TL;DR: MCP server that enables AI systems to control the joint positions of a simulated robot arm in MuJoCo. The ability of AI agents (Gemini pro 2.5, Claude 4, in this case) to match the joint configuration of a robot from a couple of reference images is very poor, worse than random in the case of the FR3 robot.
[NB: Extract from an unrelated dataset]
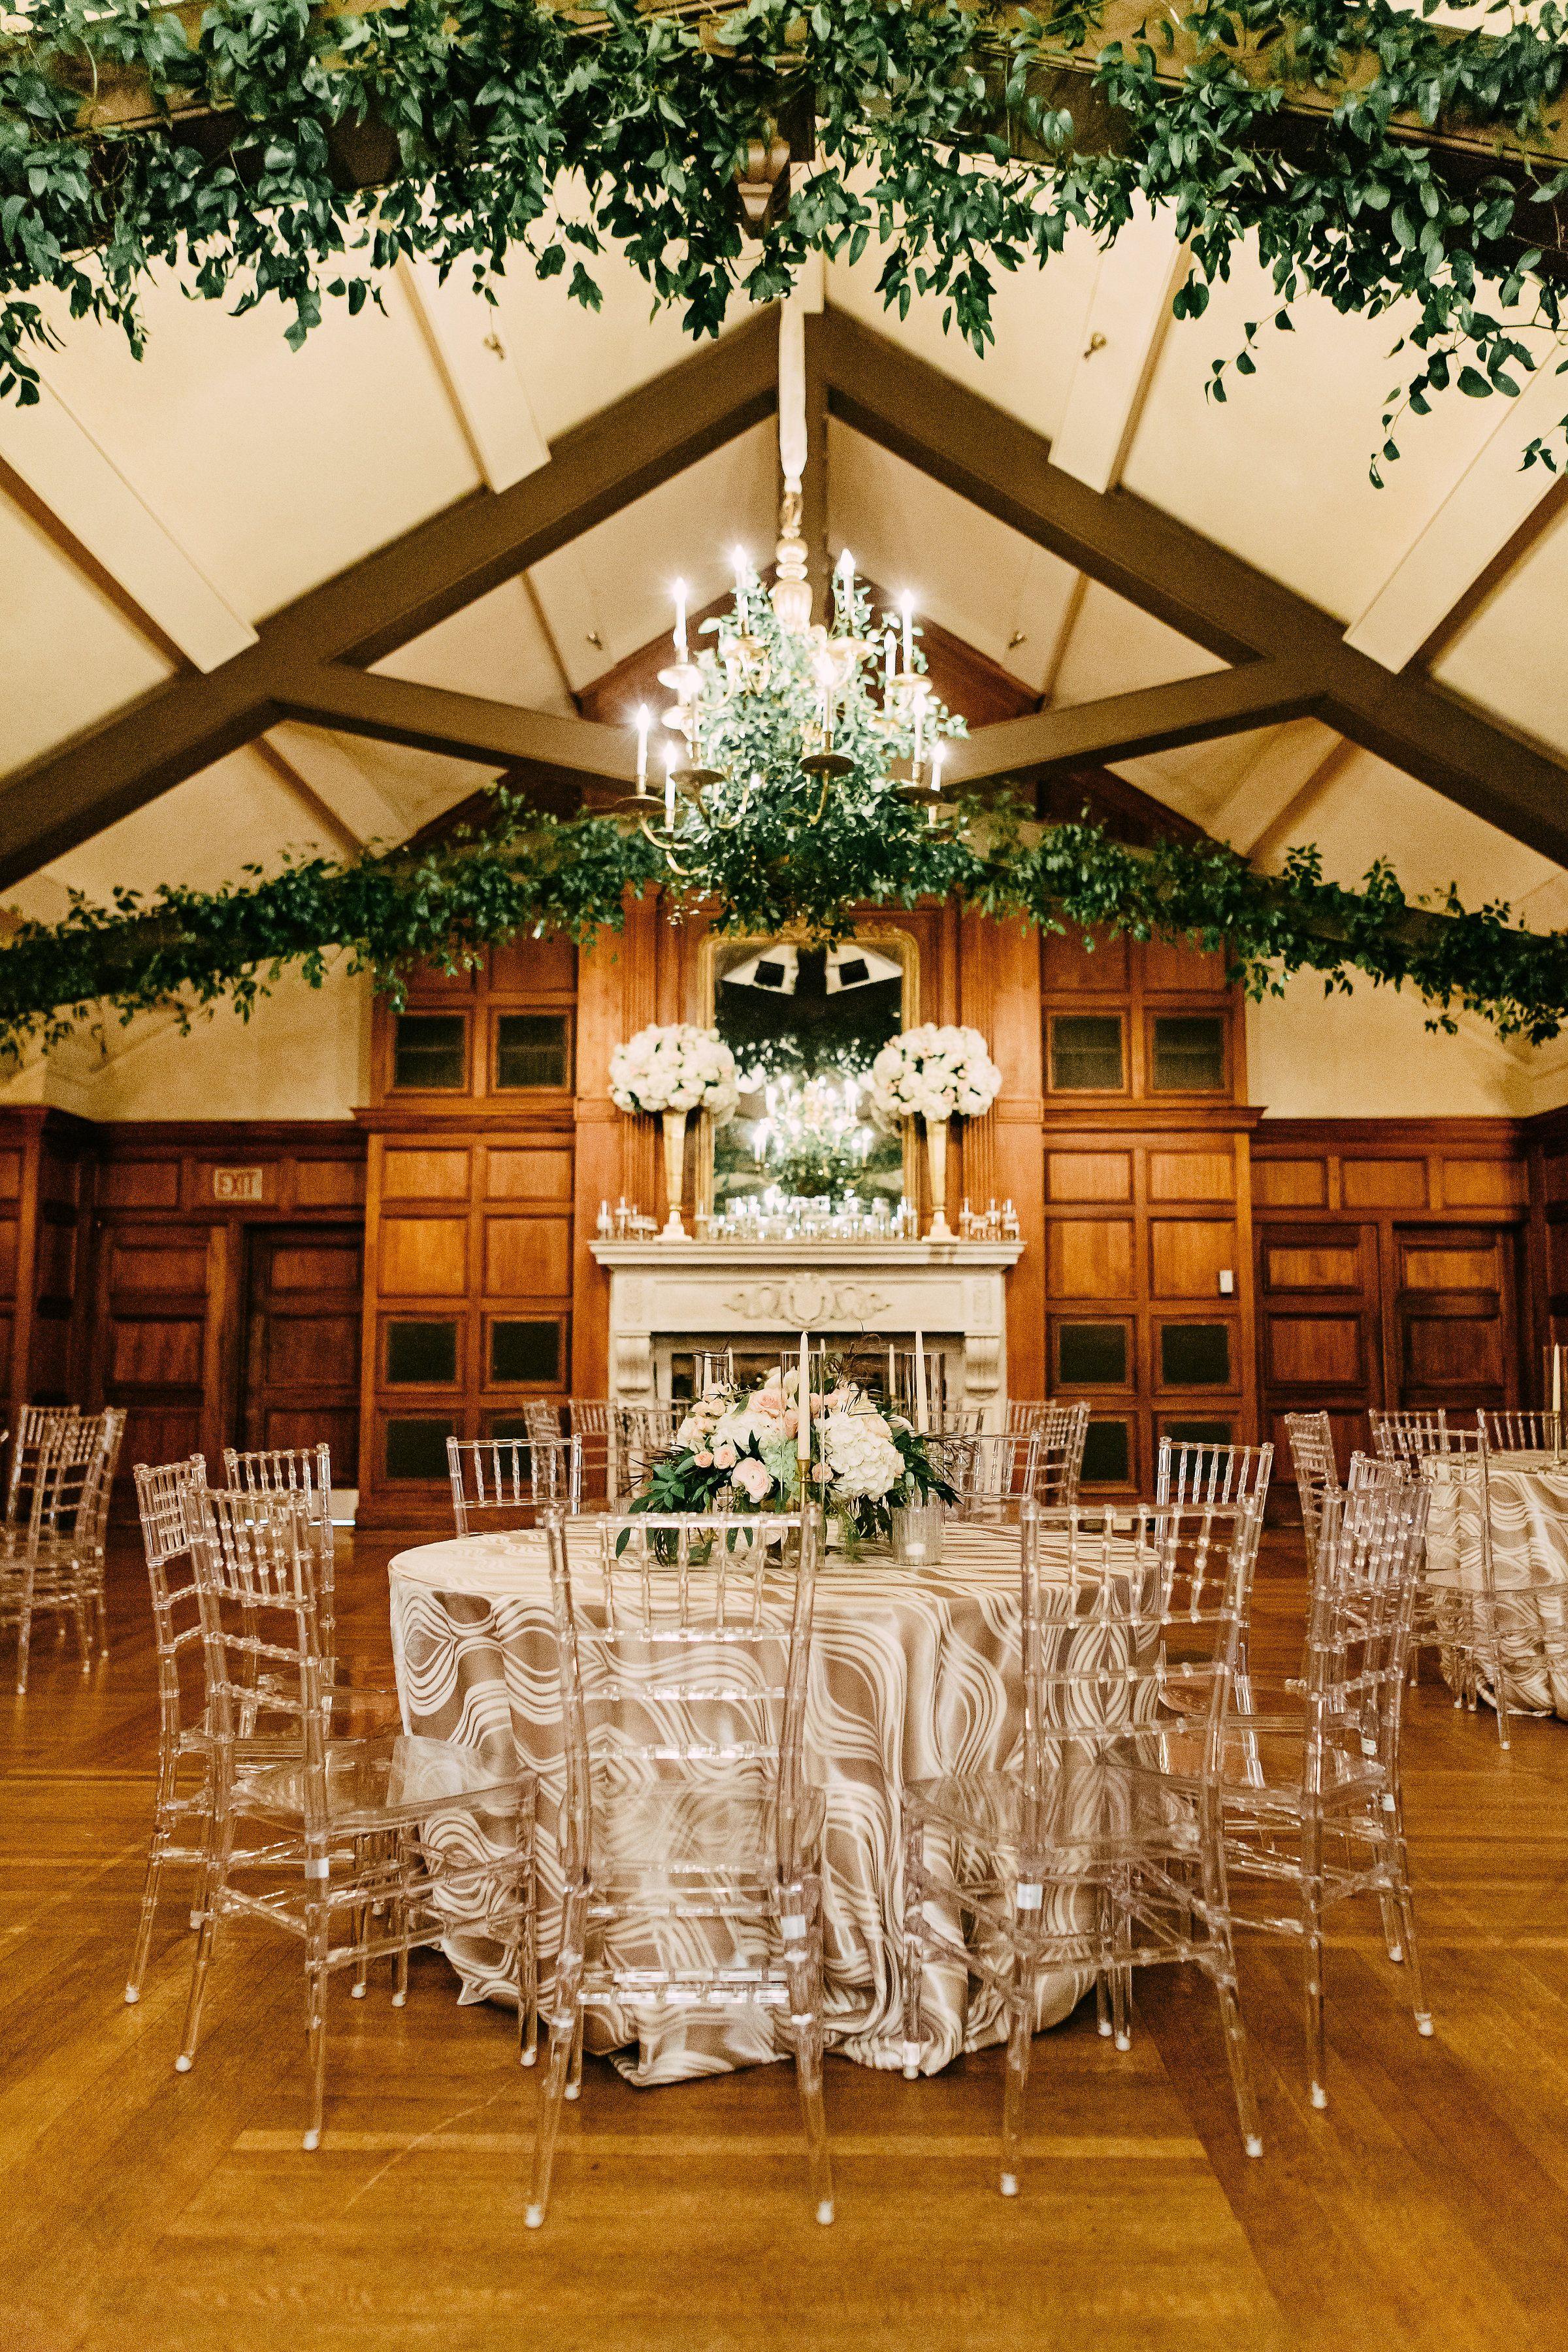 Clear Acrylic Rustic Wood Romantic Wedding Reception Dining

This project is part of an exercise that aims to extract the joint positions of a robotic arm just from a couple of images and its URDF (or MJCF) model. Why would you want to do this, you ask? see add link to future broader context post.
This MCP (Model Context Protocol) server enables AI systems to control the joint positions of a simulated robot arm in MuJoCo.
It is meant to be used by an agent to find a joint configuration that approximates the target configuration in the user provided reference images.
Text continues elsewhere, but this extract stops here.